* [WHAT YOU NEED TO DO]
The whole listing is to be restated word for word with no images.

* [DATA SECTION]
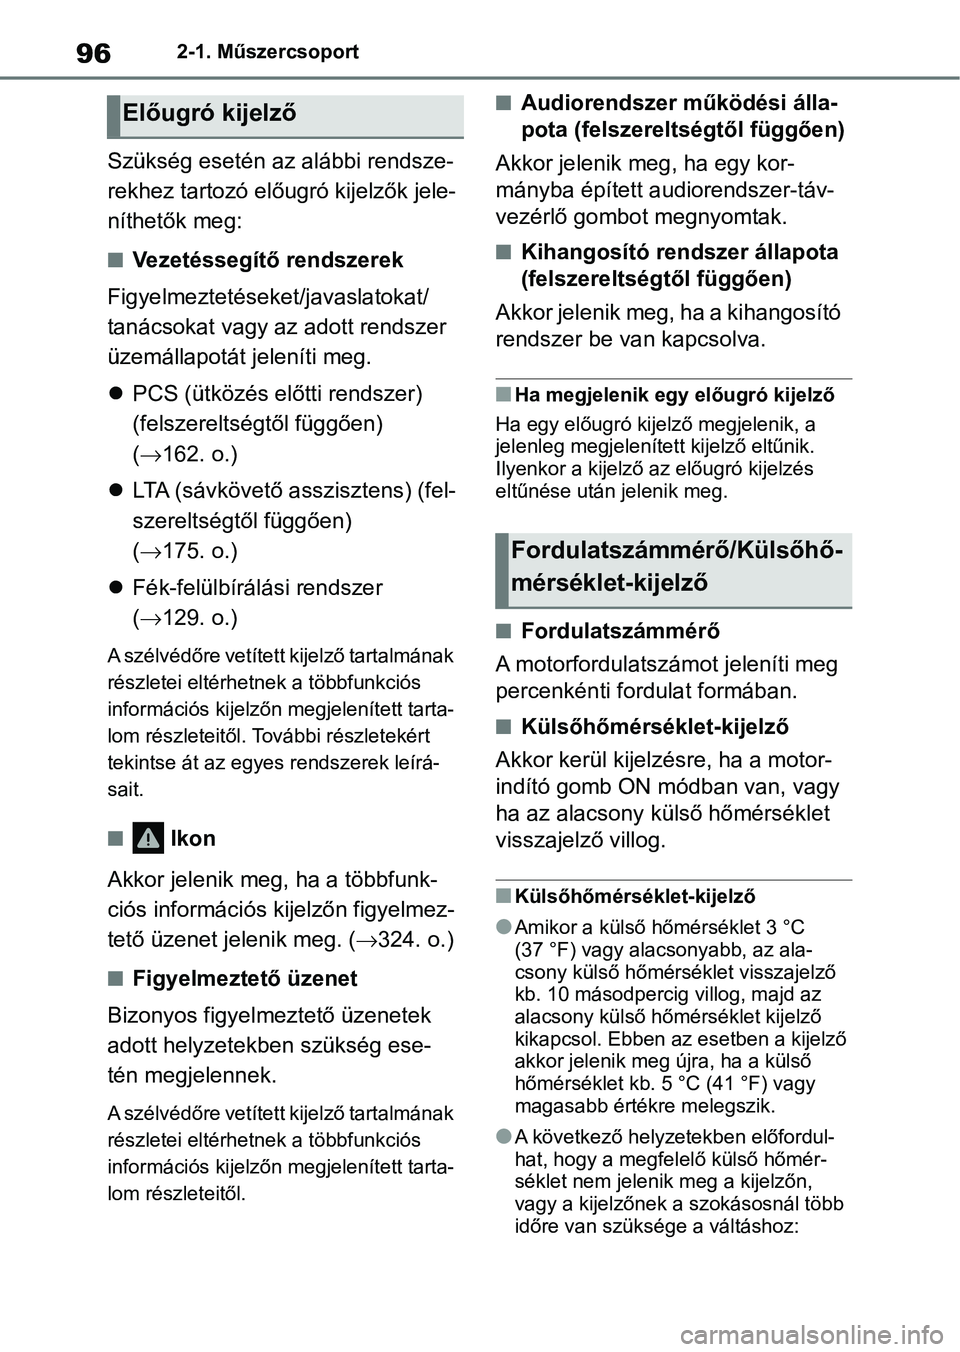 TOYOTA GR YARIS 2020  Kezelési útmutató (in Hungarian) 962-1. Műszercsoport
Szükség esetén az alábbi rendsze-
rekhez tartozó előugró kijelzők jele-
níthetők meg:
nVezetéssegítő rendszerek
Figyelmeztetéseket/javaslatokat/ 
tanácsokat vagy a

* [PROBLEM SOLUTION]
 TOYOTA GR YARIS 2020  Kezelési útmutató (in Hungarian) 962-1. Műszercsoport
Szükség esetén az alábbi rendsze-
rekhez tartozó előugró kijelzők jele-
níthetők meg:
nVezetéssegítő rendszerek
Figyelmeztetéseket/javaslatokat/ 
tanácsokat vagy a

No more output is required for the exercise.